The Gore synthesis: where we are now, where we are heading, and what we need to do

This is the five minute condensed version of the talk I gave in Gore at the Coal Action Network Aotearoa Summerfest (a somewhat optimistic title, given the chilly and wet weather last weekend).

It’s too late to avoid damaging climate change, because it’s already happening. Weather extremes — floods, droughts, heatwaves, wildfires, and storms — are on the increase, dramatic melting of Arctic sea ice is affecting northern hemisphere weather patterns, and accelerating ice loss in Greenland and Antarctica points towards a rapid increase in sea level. And the climate commitment, the 30 years it will take the planet to get back into energy balance once atmospheric CO2 is stabilised, guarantees that we will see much worse long before we see any benefit from action we take today.

Everything we do now to cut emissions will help us to avoid the very worst impacts — the almost unimaginable stuff that will be happening by the middle of this century — so it’s really worth doing.

To avoid future damage being catastrophic, we need emissions cuts to be made as if this were wartime. The global economy has to be switched from fossil fuel burning to clean energy as fast as possible — as if our very civilisation depended on it, because it does. Every year of delay now is a year more in the 2040s and 2050s of the very worst the climate system will throw at us. Every year of delay will make the job harder.
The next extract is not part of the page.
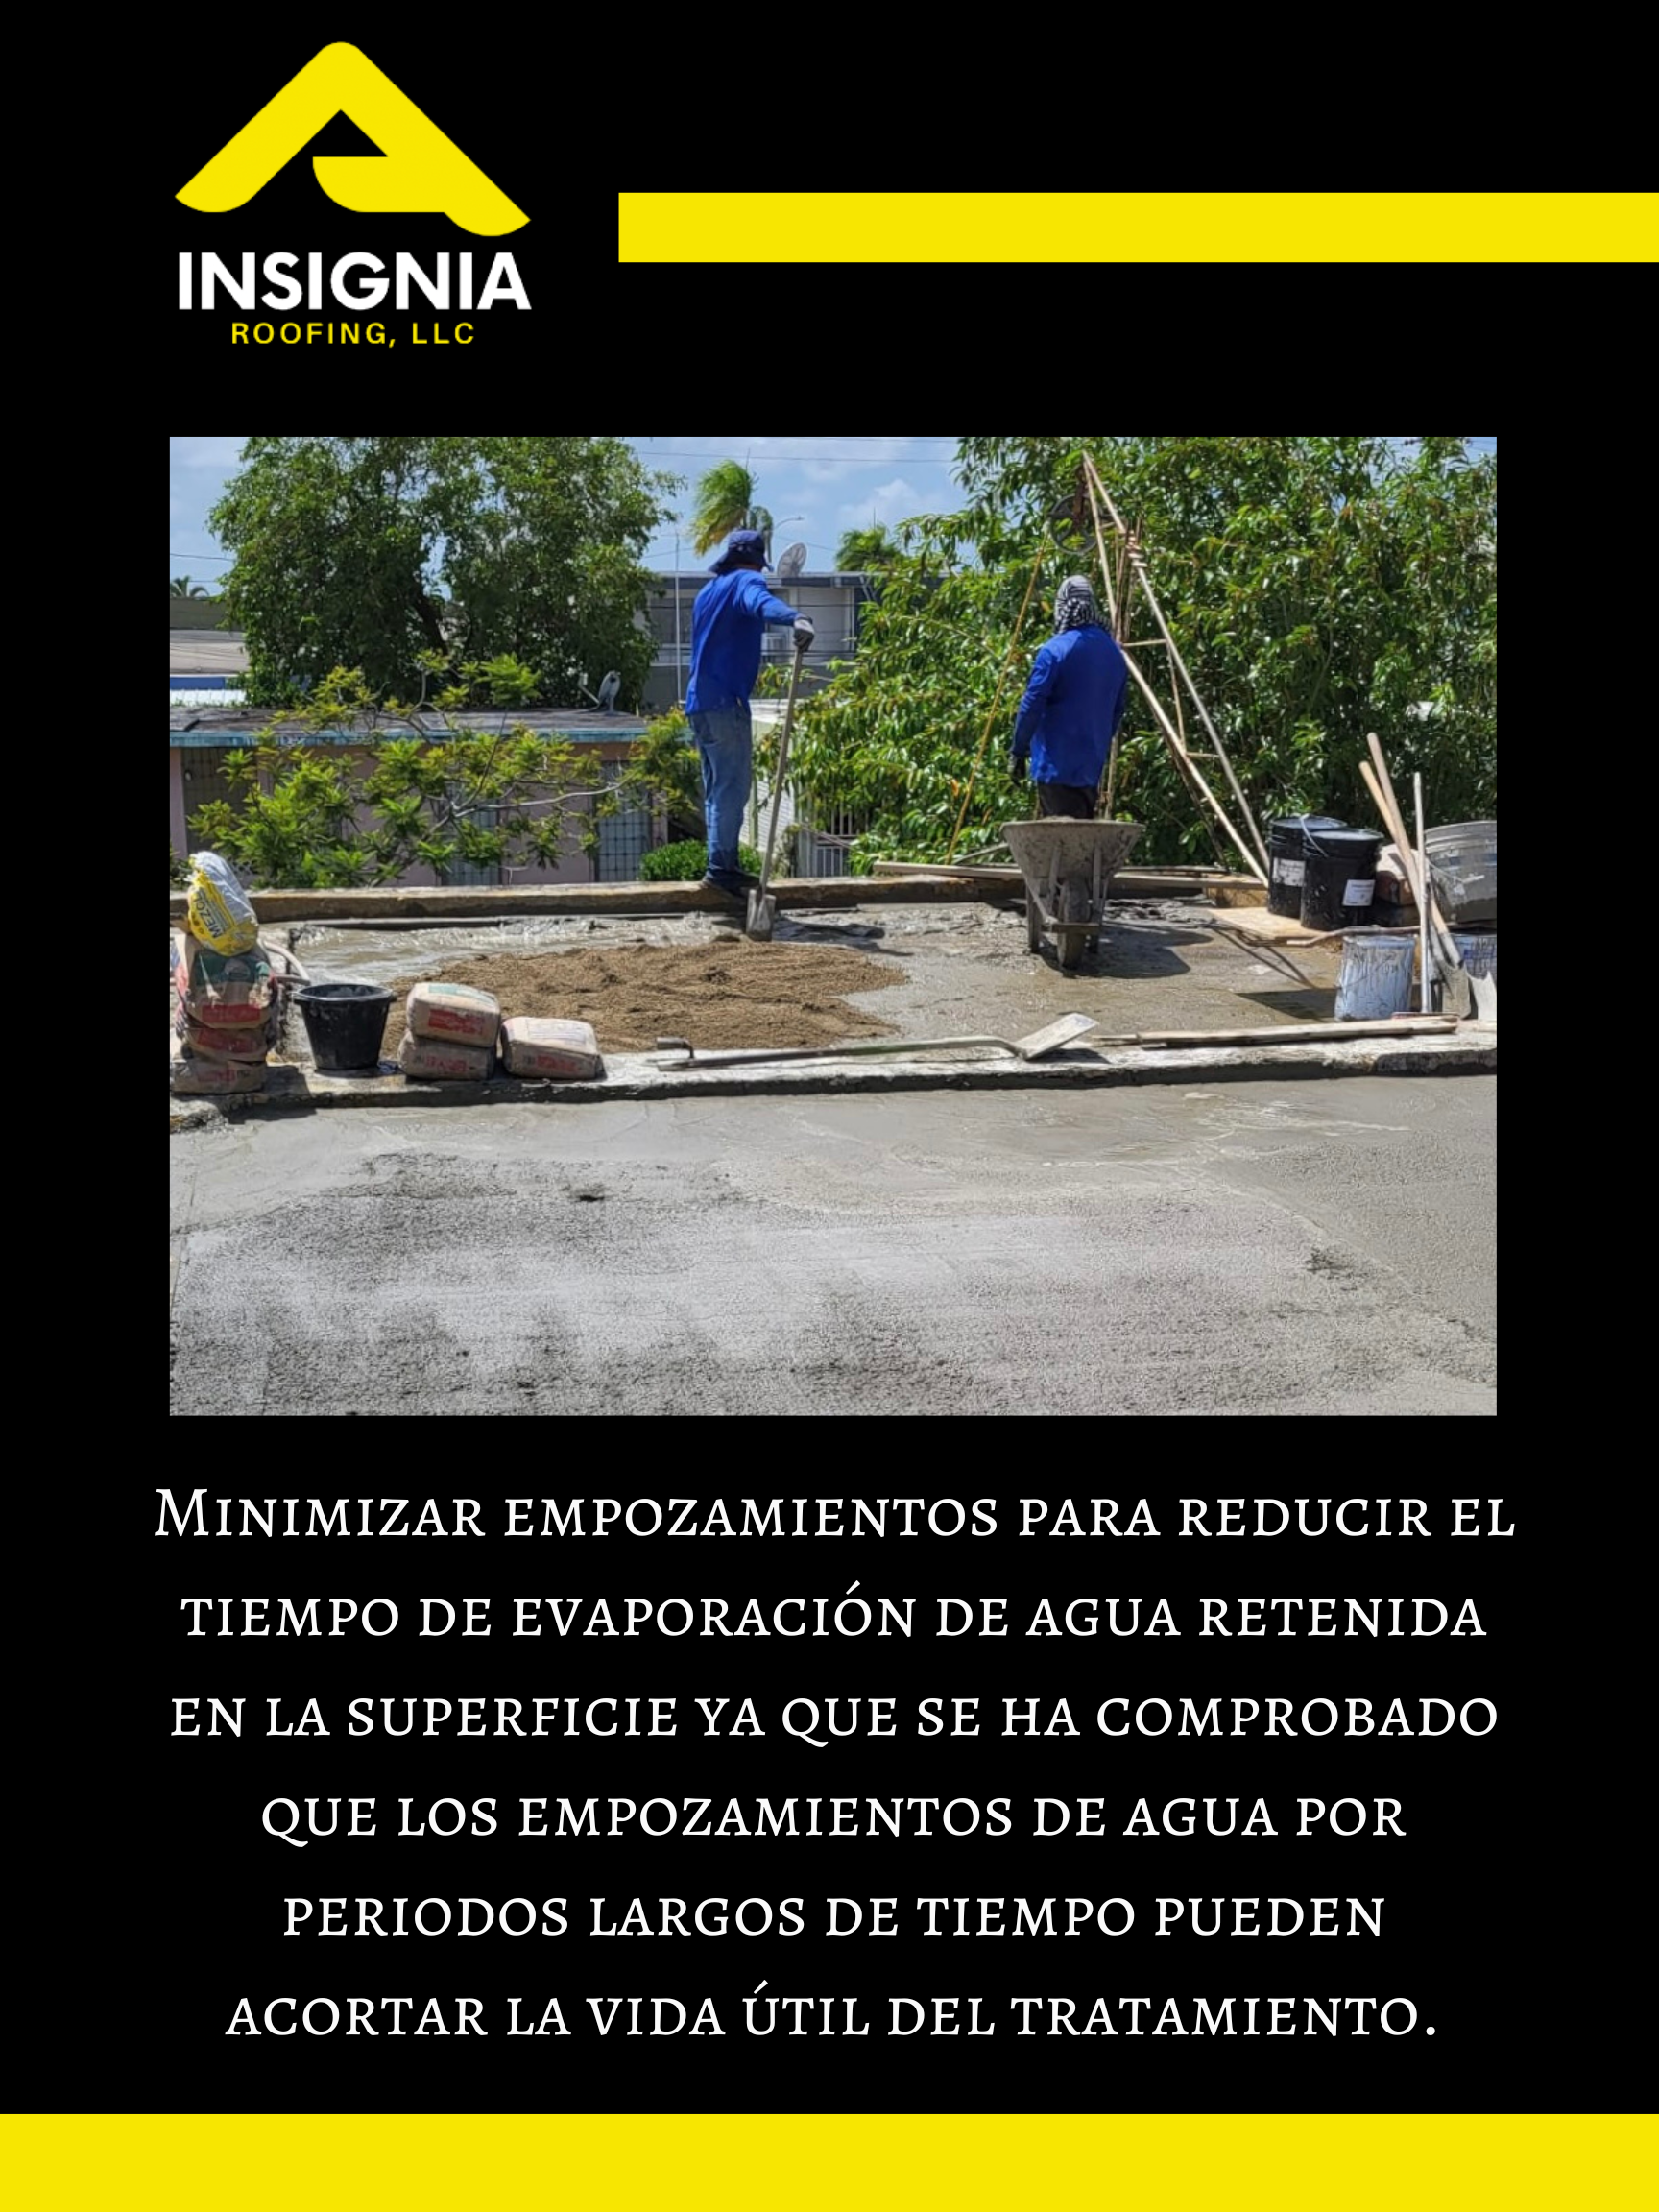 Insignia Roofing, LLC - Foto 4.0 (Servicios)

We need to go beyond stabilising atmospheric CO2 levels, and remove much of carbon emitted since the industrial revolution if we are to avoid losing much of the low lying land to long term sea level rise.

We need to be working now to futureproof New Zealand (and everywhere else) as much as possible. We must not lock our economies into high emissions pathways by investing in fossil fuel extraction or emissions-intensive agriculture. We must put in place policies to deal with sea level rise as it happens, but they will have to focus on managed retreat — at least until atmospheric CO2 is on a downwards trend. We need to focus on developing economic and social resilience, to enable us to recover from the inevitable shocks caused by rapid climate change.

This has to be the reality that our governments confront. Getting them to face up to the full seriousness of climate change is not going to be easy, but it’s going to have to be done.

*****

I often find that preparing a talk crystallises my thinking around an issue, and that was certainly the case here. Reviewing the climate events of the last year, looking forward to the near future, and considering our options as climate change begins to really bite left me feeling rather gloomy — but the energy and enthusiasm of the CANA crowd, committed to preventing lignite mining in Southland and to phasing out coal mining throughout New Zealand, did a lot to put a smile back on my face.

Below the fold is an expanded version of the notes I prepared for my talk, with links to supporting material (as I promised to the audiences in Gore)…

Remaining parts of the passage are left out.